Für 2025 plane die Politik, die Resultate der neuen Pflegeausbildung zu überprüfen. Bernhard Hoch ist sich jedoch sicher, dass dies nur auf quantitativer und nicht auf qualitativer Ebene geschehe. "Dann kann abgelesen werden: Wir haben x Personen ausgebildet, Ziel erreicht oder eben nicht." Doch man werde so nicht erkennen, wie viele Personen abgebrochen haben und aus welchen Gründen. "Das will man schlichtweg auch nicht wissen", vermutet der GKind-Geschäftsführer.
Problem der Kinderpflege auch in den SLK-Kliniken im Raum Heilbronn: Abbruchzahlen der Ausbildung steigen
Bei den SLK-Kliniken wird die Vertiefungsrichtung Pädiatrie in der Praxis angeboten. "Die Interessenten bewerben sich bereits vor der Ausbildung auf die entsprechende Ausschreibung", erklärt Anne Hekel von der Unternehmenskommunikation. Für diejenigen, die sich für die Vertiefung Pädiatrie entschieden haben, finde bereits der erste Orientierungseinsatz in der Pflegeausbildung im Bereich der Pädiatrie statt, um später umfassend im praktischen Teil der Kinderkrankenpflege ausgebildet werden zu können.
Seit 2020 haben sich 80 Auszubildende für diese Vertiefung entschieden, teilt die SLK mit. Damit sei seit der Einführung der generalistischen Ausbildung ein deutlicher Rückgang an Bewerbern für die Vertiefungsrichtung Pädiatrie, im Vergleich zur vorher eigenständigen Gesundheits- und Kinderkrankenpflegeausbildung, zu verzeichnen. "Dies führen wir auf mehrere Faktoren wie die zeitgleiche Corona-Pandemie, aber auch das mangelnde Wissen innerhalb der Bevölkerung über die neue Ausbildungsform und Berufsbezeichnung zurück", so Hekel.

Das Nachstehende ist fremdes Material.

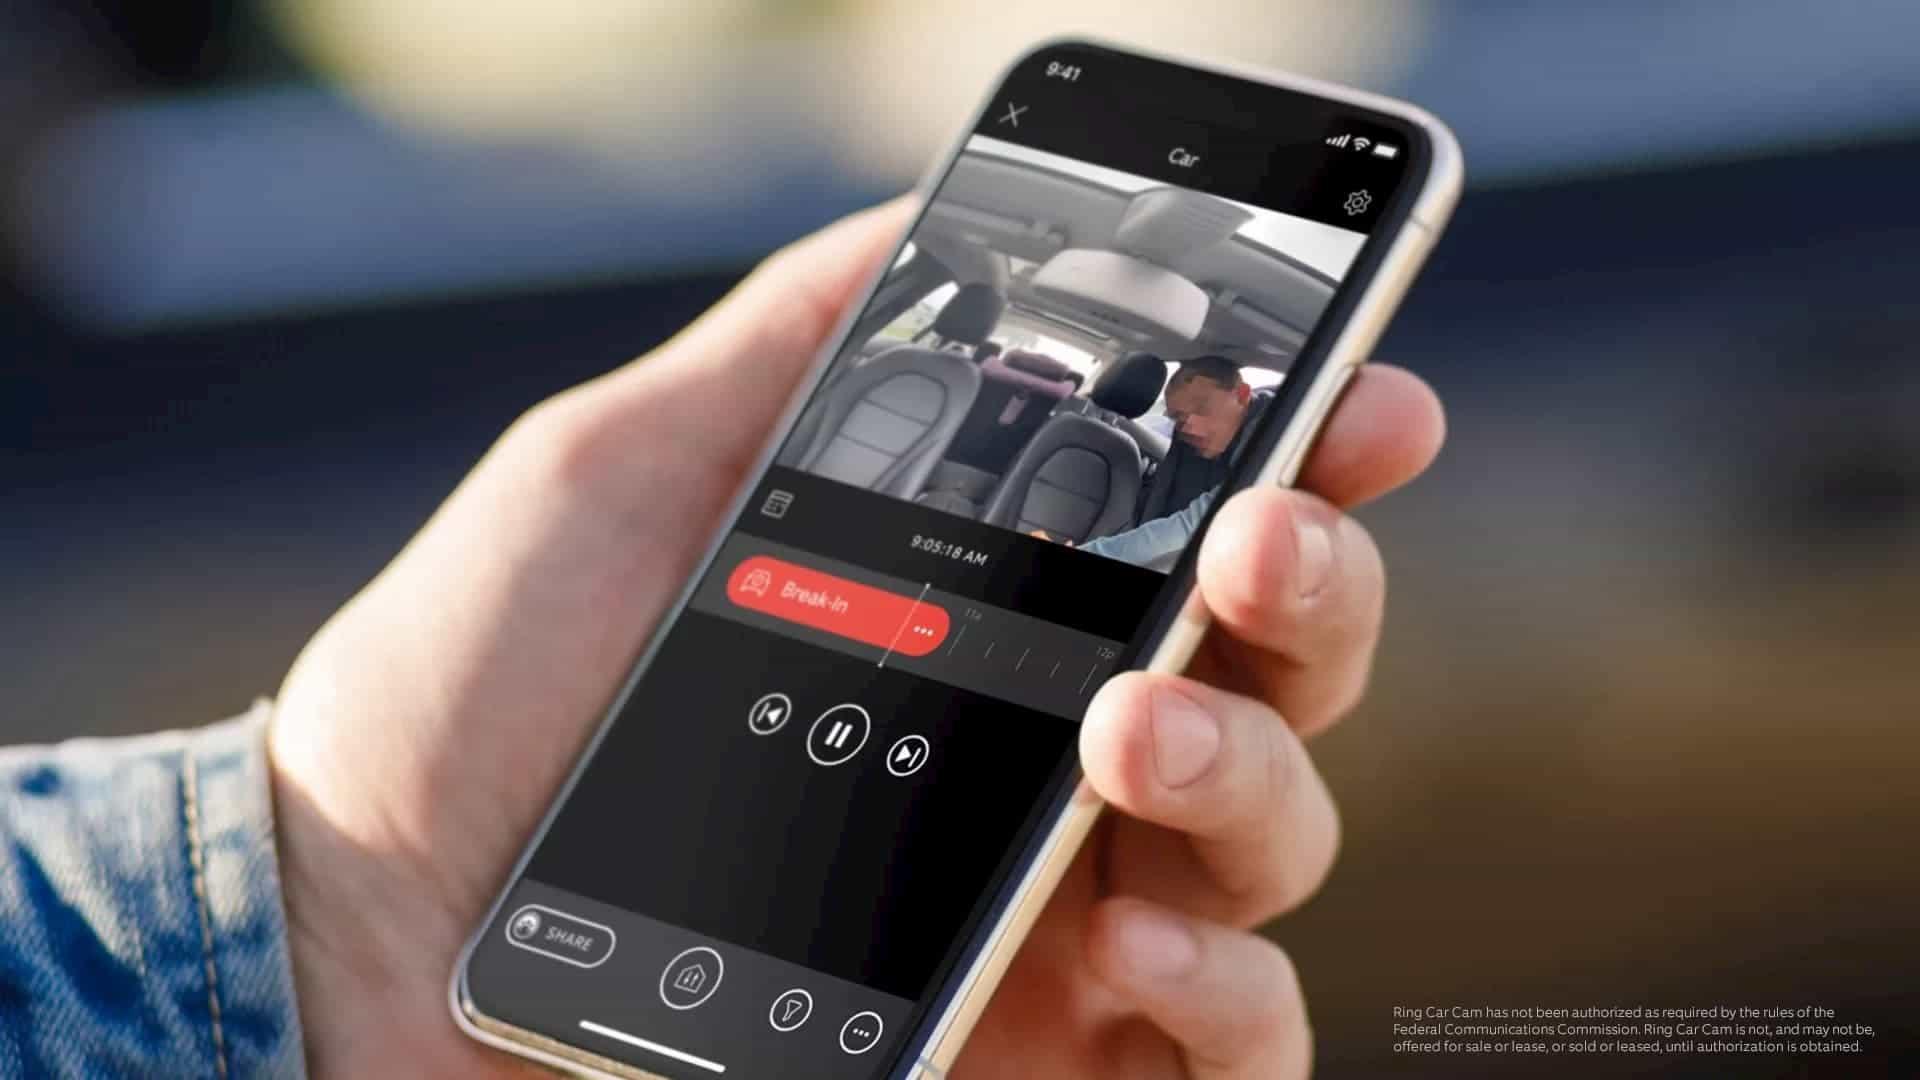 20200921 image blog car cam desktop 2x fcc rgb
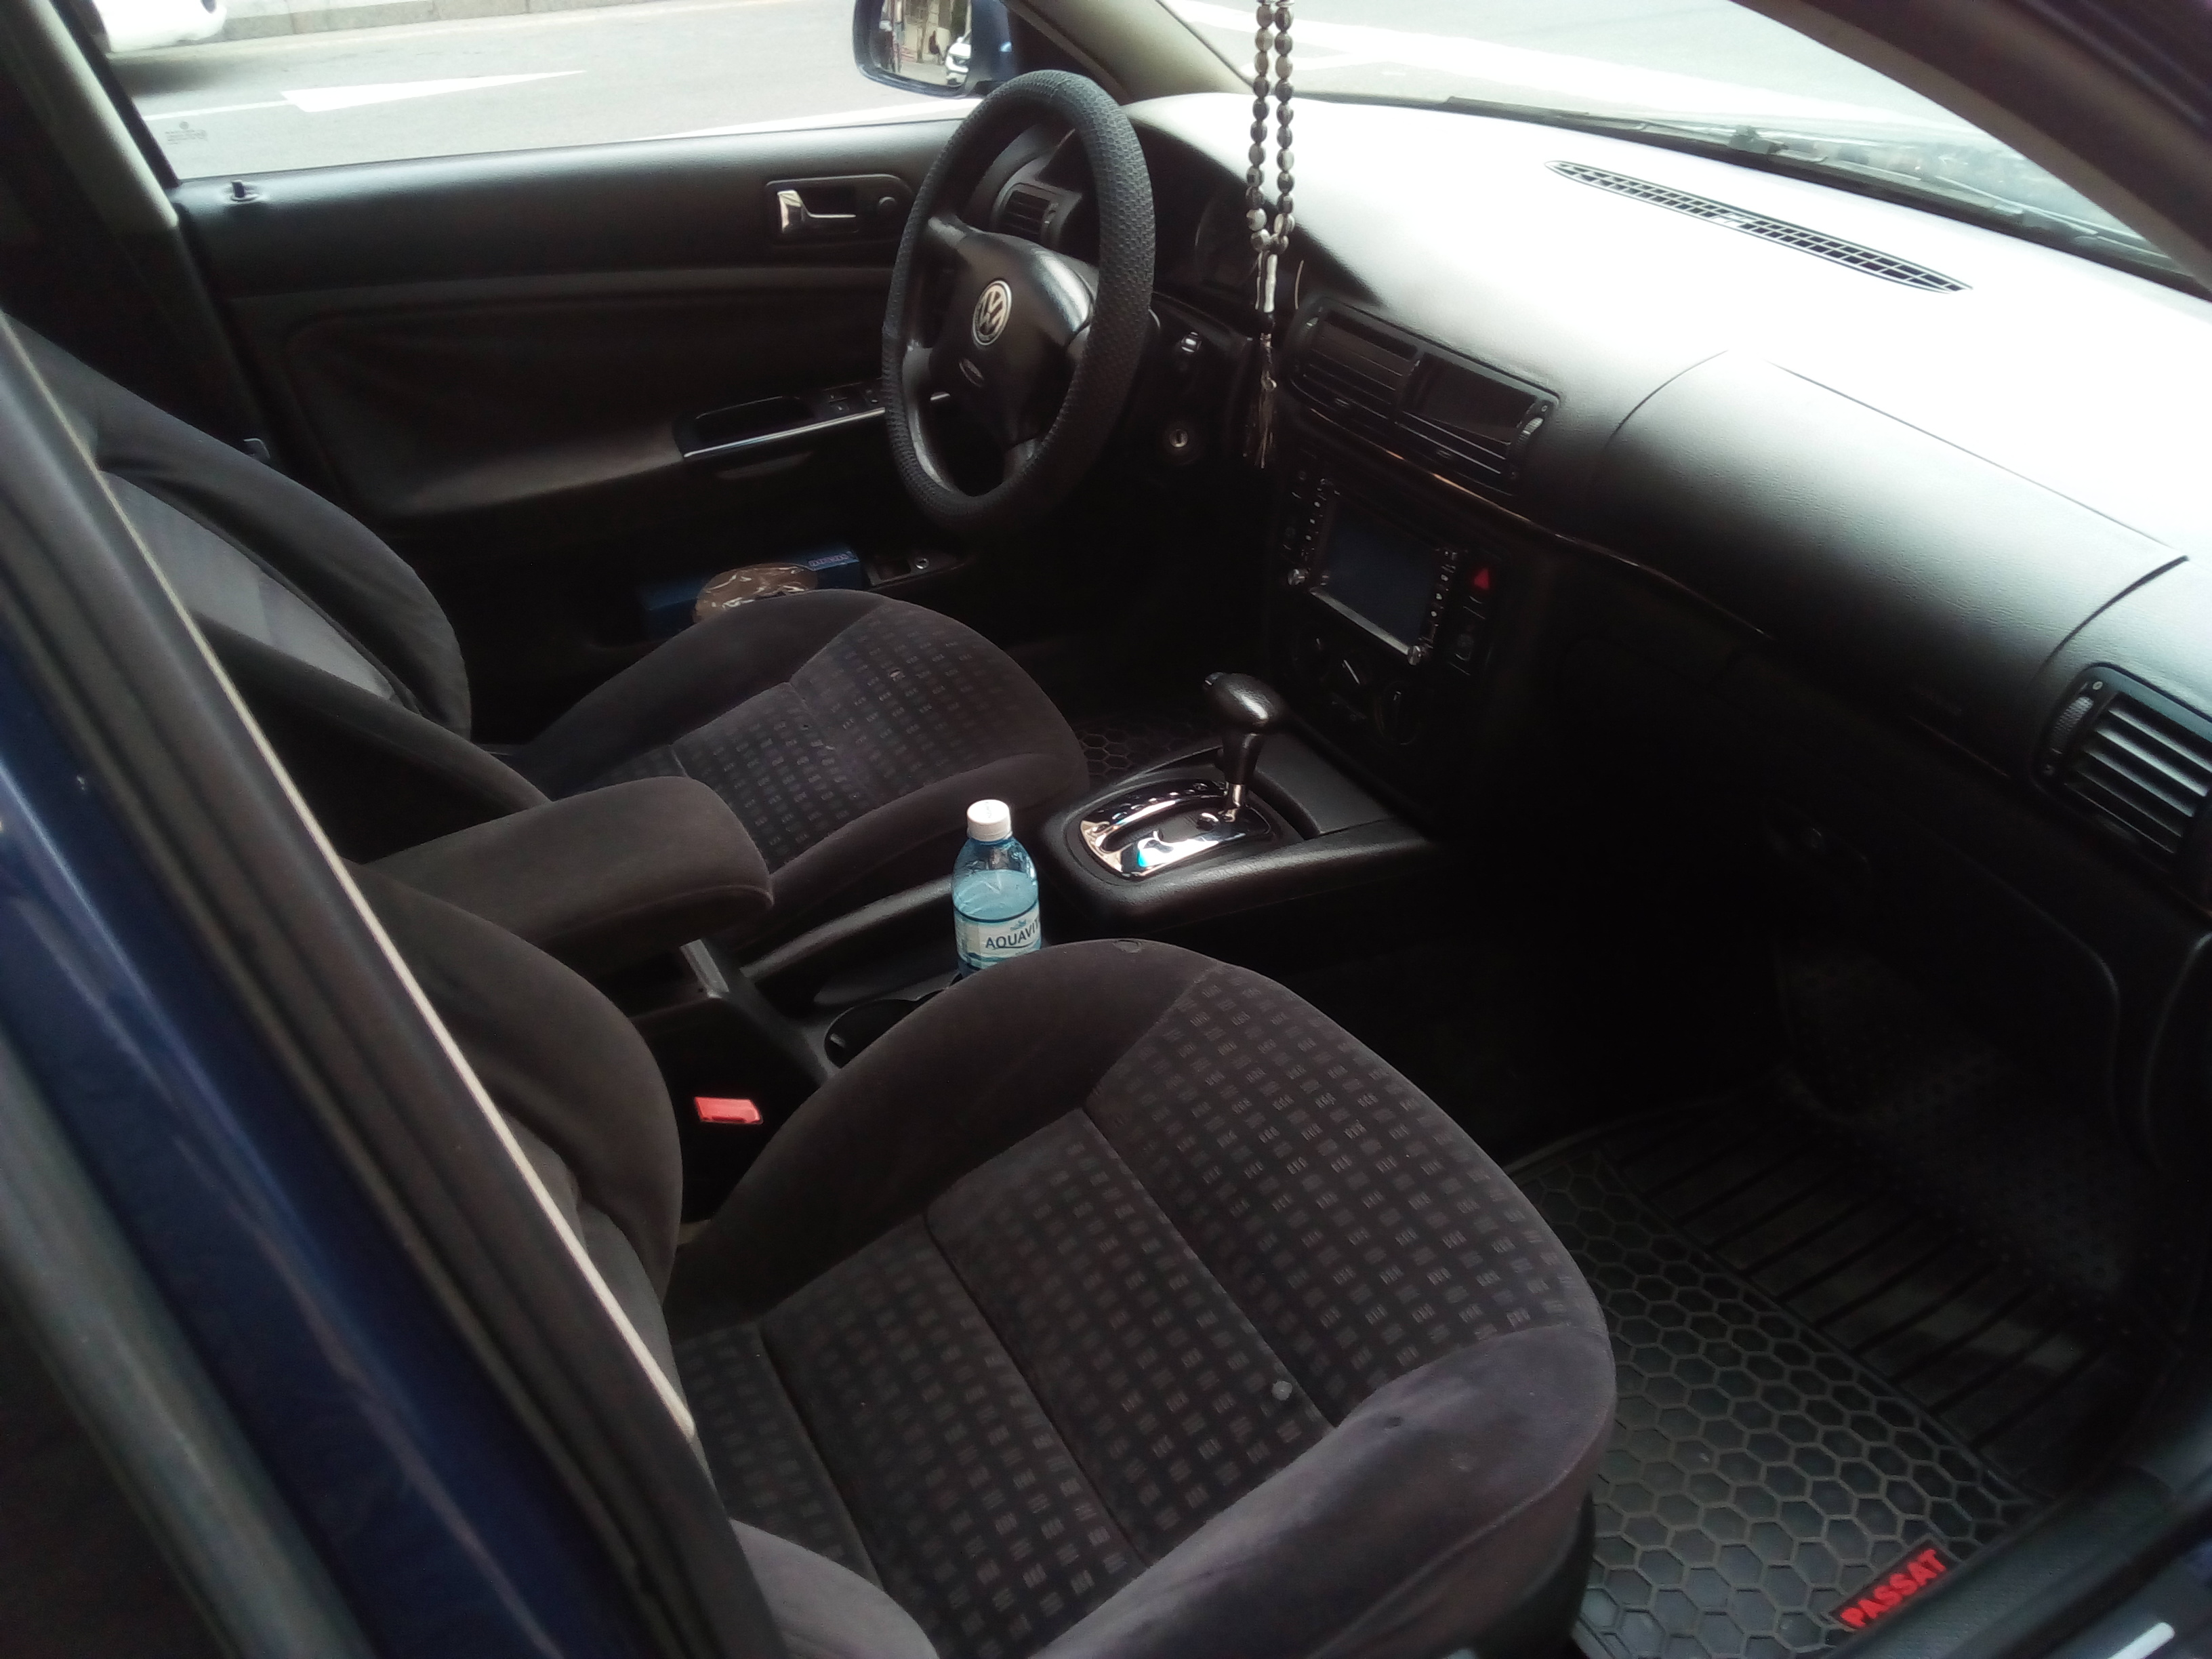 Volkswagen Passat 1.8(lt) 2002 İkinci əl  $3500

Auch die Quote der Ausbildungsabbrüche steige zunehmend an, auch wenn man mit dieser als SLK noch unterhalb des landesweiten Schnittes liege.
SLK-Projekt "Fit für Pädiatrie"
Um dem Fachkräftemangel entgegenzuwirken, hat der SLK-Verbund in Zusammenarbeit mit seinem langjährigen Partner, der Stiftung, „Große Hilfe für kleine Helden“ ein Weiterbildungskonzept unter dem Namen „Fit für Pädiatrie – Exzellente Pflege für kleine Helden“ für den Bereich der Kinderkrankenpflege entwickelt, welches von der Stiftung finanziell gefördert wird. Das Konzept ermöglicht es Auszubildenden der generalistischen Pflegeausbildung sich im Fachbereich Pädiatrie bei SLK weiter zu qualifizieren.
Das Weiterbildungsprogramm geht erstmalig 2024 an den Start und richtet sich speziell an generalistisch ausgebildete Berufsanfänger, aber auch Berufswiedereinsteiger und -rückkehrer in der Kinderkrankenpflege. Ein weiterer Teil des Programms richtet sich gezielt an Pflegefachkräfte im besonders anspruchsvollen Bereich der Kinderintensivstation. Mit dem Programm wird vor allem das Ziel verfolgt, dass qualitative Niveau im Bereich der Kinderkrankenpflege bei SLK, trotz Wegfall der eigenständigen Kinderkrankenpflegeausbildung, aufrechtzuerhalten. Gleichzeitig soll das Programm den Bereich der Kinderkrankenpflege bei SLK wieder attraktiver machen und auch bereits erfahrenen Pflegefachkräften den Wiedereinstieg erleichtern.